→ EXERCISE INSTRUCTIONS:
Where the listing below has a line with "HubSpot_ImpactAwards_2021_GBMarketing2-3", write out exactly that line and every line after it, stopping after the line with "Trois disques en".
BEGIN DATA SECTION
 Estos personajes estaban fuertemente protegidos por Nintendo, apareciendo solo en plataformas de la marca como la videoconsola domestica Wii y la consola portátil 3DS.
END DATA SECTION
BEGIN DATA SECTION
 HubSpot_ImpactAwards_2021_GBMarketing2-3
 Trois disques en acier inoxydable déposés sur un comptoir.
END DATA SECTION
BEGIN DATA SECTION
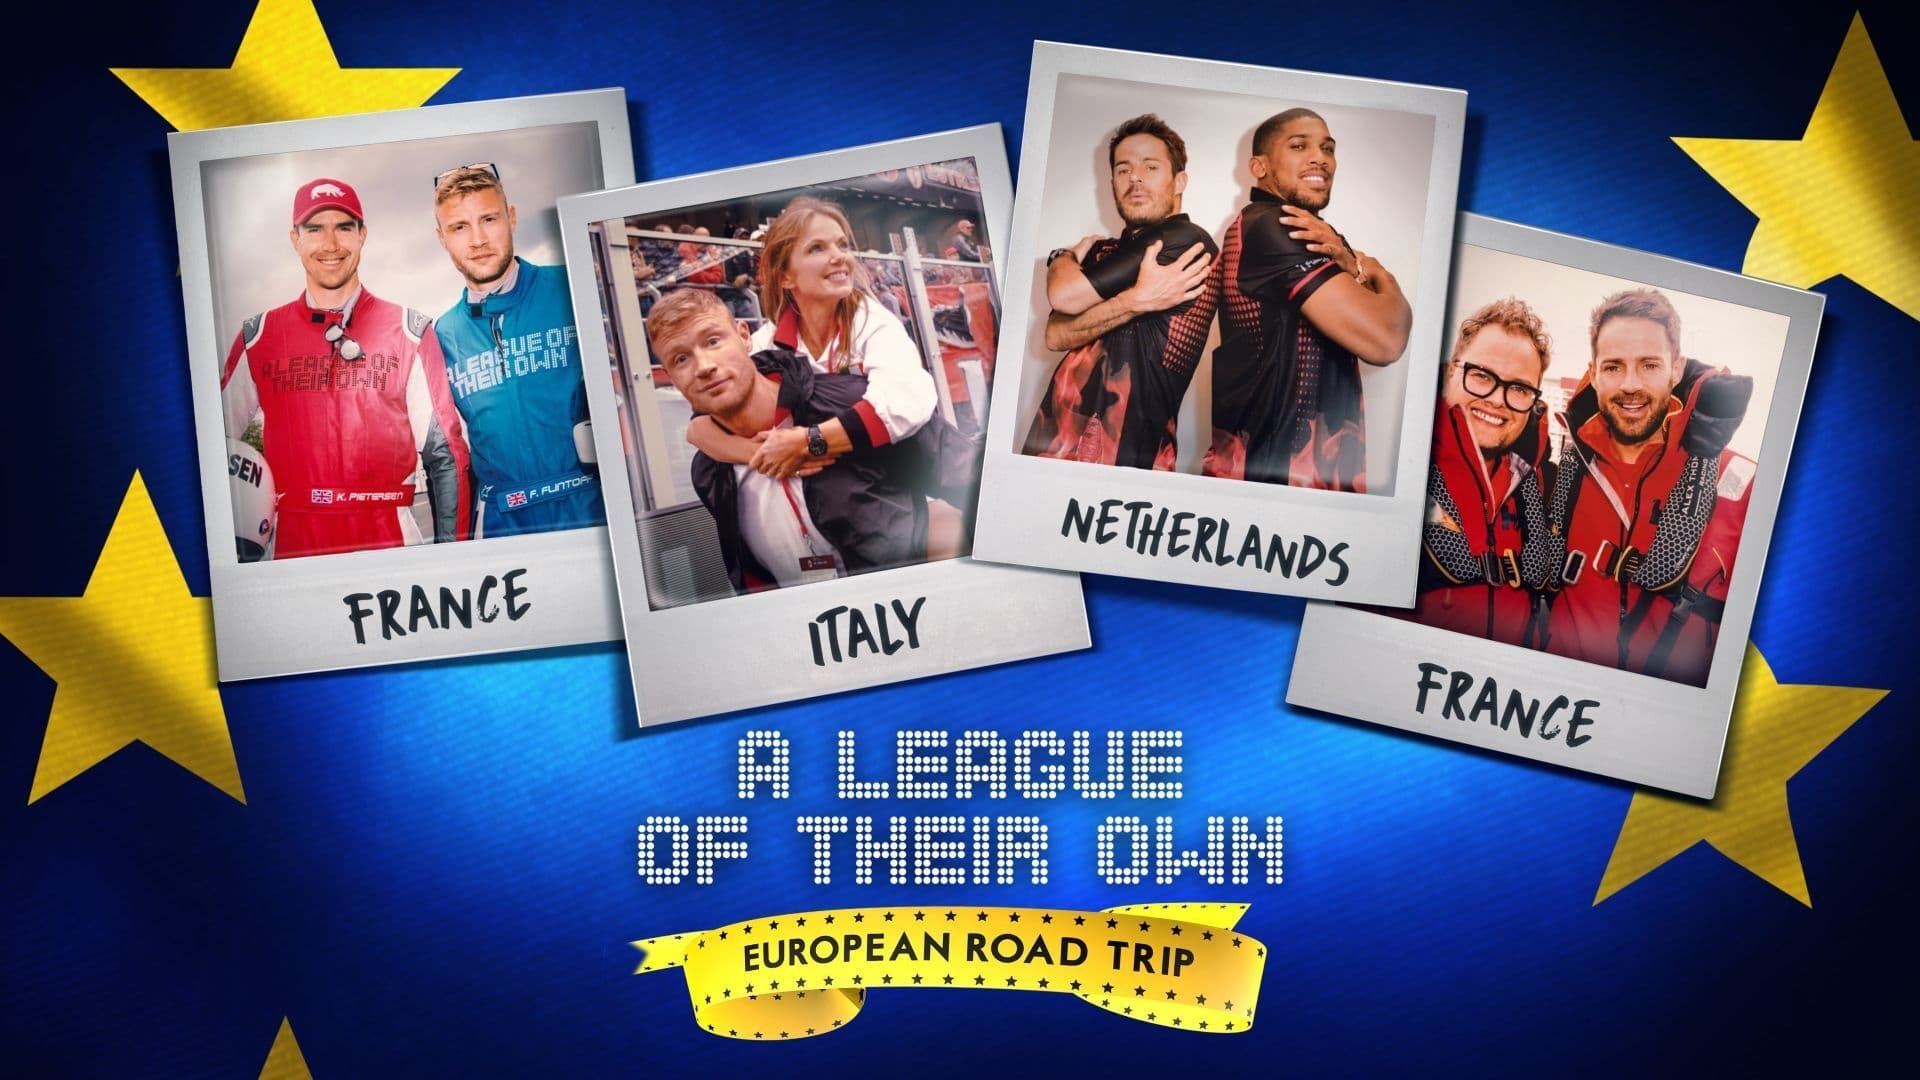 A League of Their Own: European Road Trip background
END DATA SECTION
→ RESULT:
 HubSpot_ImpactAwards_2021_GBMarketing2-3
 Trois disques en acier inoxydable déposés sur un comptoir.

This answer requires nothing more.